The BBC requested Joanna to create a logo to attract more interest in the charity.
“It was like a lightbulb moment for me,’ Joanna told the BBC. “We were bouncing ideas off each other and I latched on to this idea of a teddy bear.
“I had a whole story playing out in my head for this bear, I went to the production team and said, “we need to name it”. So they turned around and said “if you think it’s important to name him, you do it”.
“It came from the heart – I looked to my own experience and named him in honour of my home town and my grandparents.”
Joanna was born in a town in West Yorkshire called Pudsey.
Her grandfather, Irvine Ball was the mayor of Pudsey in 1950, and was very fond of the small town which gave her the idea to name the bear after her birthplace.
Sir Terry Wogan introduced Pudsey to the world in 1985 and from 1986 the bear was the official logo of Children In Need.
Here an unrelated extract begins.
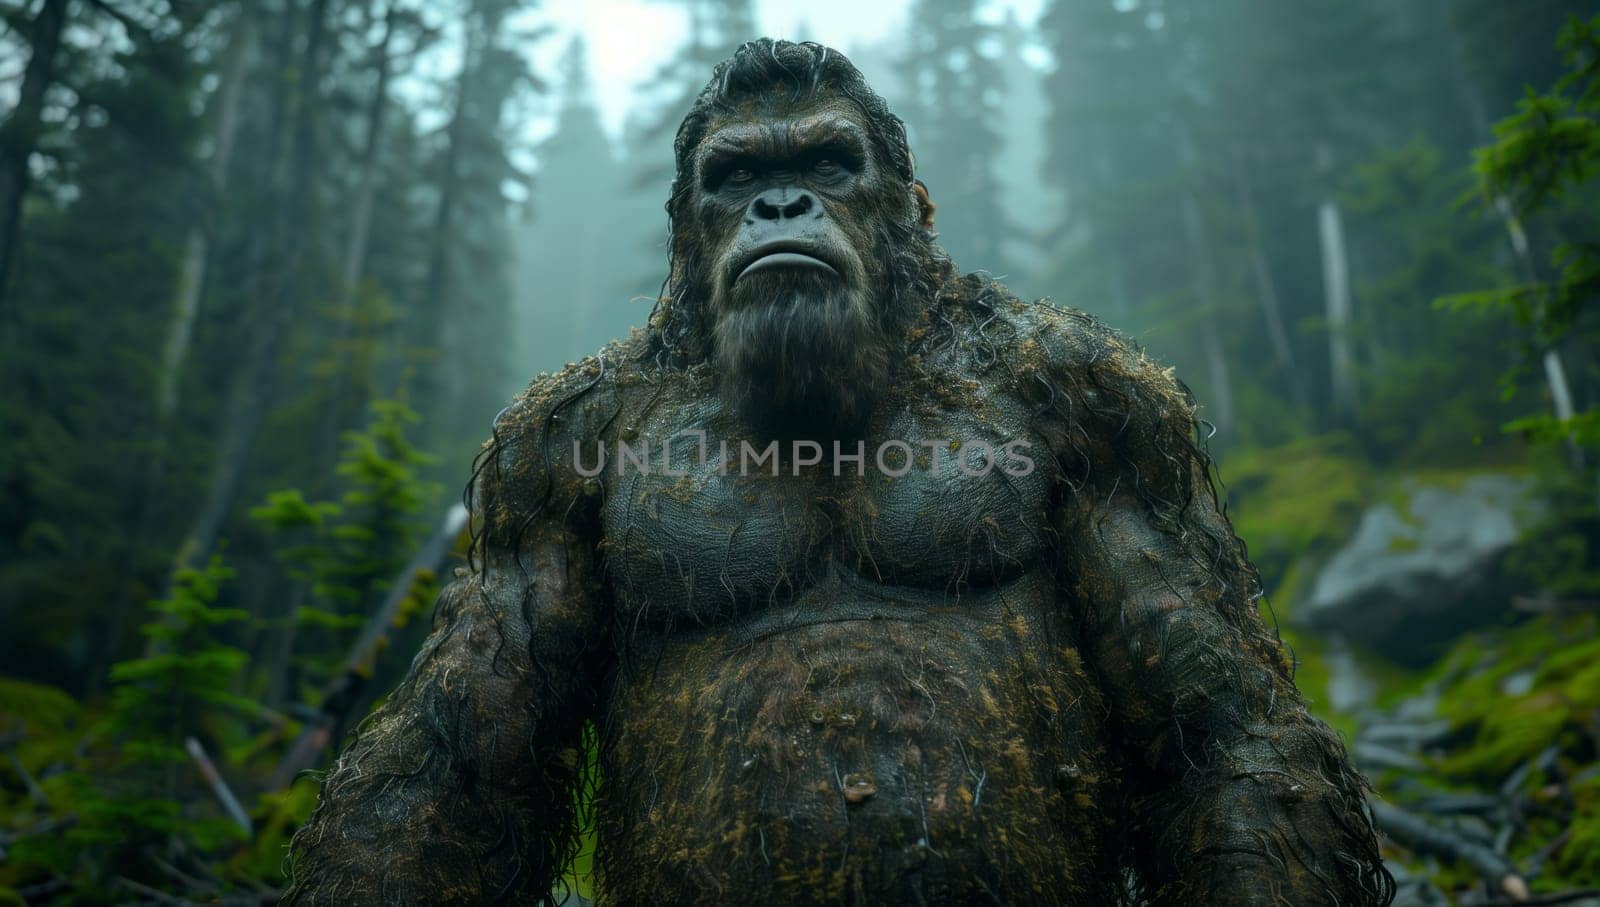 A fictional character, a large gorilla, stands in the darkness of the jungle. Surrounding it are terrestrial plants, trees, and grass in the forest landscape

Why does Pudsey Bear have an eye patch?
The reason as to why Pudsey wears the eye patch has never fully been explained.
However, many assume the patch is to make Pudsey seem more “in need” himself, and therefore more relatable to the children the charity works for.
Pudsey was originally brown with a red bandage on his head and his buttons spelt out BBC down his front, but after time it gradually changed.
Nowadays, he has the famous yellow fur and a multi-coloured polka-dot bandage.